То, что Евангелие от Марка имеет литературное происхождение, было доказано Вилле в работе «Grunde». В итоге: в той мере, в какой он предоставил основные материалы для доказательства. После проведенной им тщательной работы он может сказать, что сочинение Марка «не является копией устного оригинального Евангелия, а искусственной композицией». Он может назвать это произведение «произведением искусства» в силу его композиции и потому, что оно выполняет цель, поставленную сознанием, причем сознанием столь же свободным. Наконец, он может сказать, «что его композиции обусловлены не столько исторической связью, сколько предвзятыми общими положениями, несмотря на то, что они приняли видимость исторической связи, это объясняется тем, что его автор не был одним из непосредственных спутников Иисуса».
Неясно только, насколько, по мнению Вильке, следует принимать на веру уверенность в том, что форма создана свободно. Остается настолько неясным, что Вайс, анонсируя в «Берлинских ежегодниках» сочинение Вильке, выразил уверенность в том, что теперь дана высшая гарантия подлинно исторического характера евангельских сообщений.
На самом деле не следует говорить о том, что неясно, попал ли Вайс в точку Вильке. Сам Вильке говорит об этом так: «Подателями вестей, на которых ориентировались составители диегезиса, были не люди, которые расспрашивали других или записывали то, о чем расспрашивали в Галилее, а апостолы, и среди них те, кто был служителями слова с самого начала, то есть с того времени, когда должно было начаться сообщение, если оно должно было быть цельным». Это первичное Евангелие, говорит Вильке, содержится в писании Марка и перешло вместе с ним к Луке и Матфею.
Таким образом, в основном Вильке остается на позитивной точке зрения Вайса, но с ним, поскольку он до сих пор наиболее доказательно доказывал авторское происхождение Изначального Евангелия, противоречие этой точки зрения — прямое объединение критического и позитивного — напрашивается в тот момент, когда оно требует своего разрешения. Мы попытались это сделать и передаем на суд критиков наш труд, который для основательного решения задачи должен был снова полностью встать на точку зрения критика.

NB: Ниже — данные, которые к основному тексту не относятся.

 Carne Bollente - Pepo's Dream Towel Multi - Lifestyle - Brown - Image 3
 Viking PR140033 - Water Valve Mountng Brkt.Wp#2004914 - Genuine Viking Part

Критика четвертого Евангелия заставила меня признать возможность чисто литературного происхождения Евангелия и окончательно убедила меня в том, что в этом Евангелии мы имеем Писание такого происхождения, когда я еще находился во внутренней борьбе с результатом работы Вильке. Но как только это убеждение стало обоснованным и я перешел к Синоптическим Евангелиям, чтобы еще раз проверить с помощью их прагматики, имеют ли они такое же происхождение, мне пришлось согласиться с Вильке, вернее, необходимость прогресса уже нельзя было отрицать, поскольку диалектика формы и содержания обусловливала его.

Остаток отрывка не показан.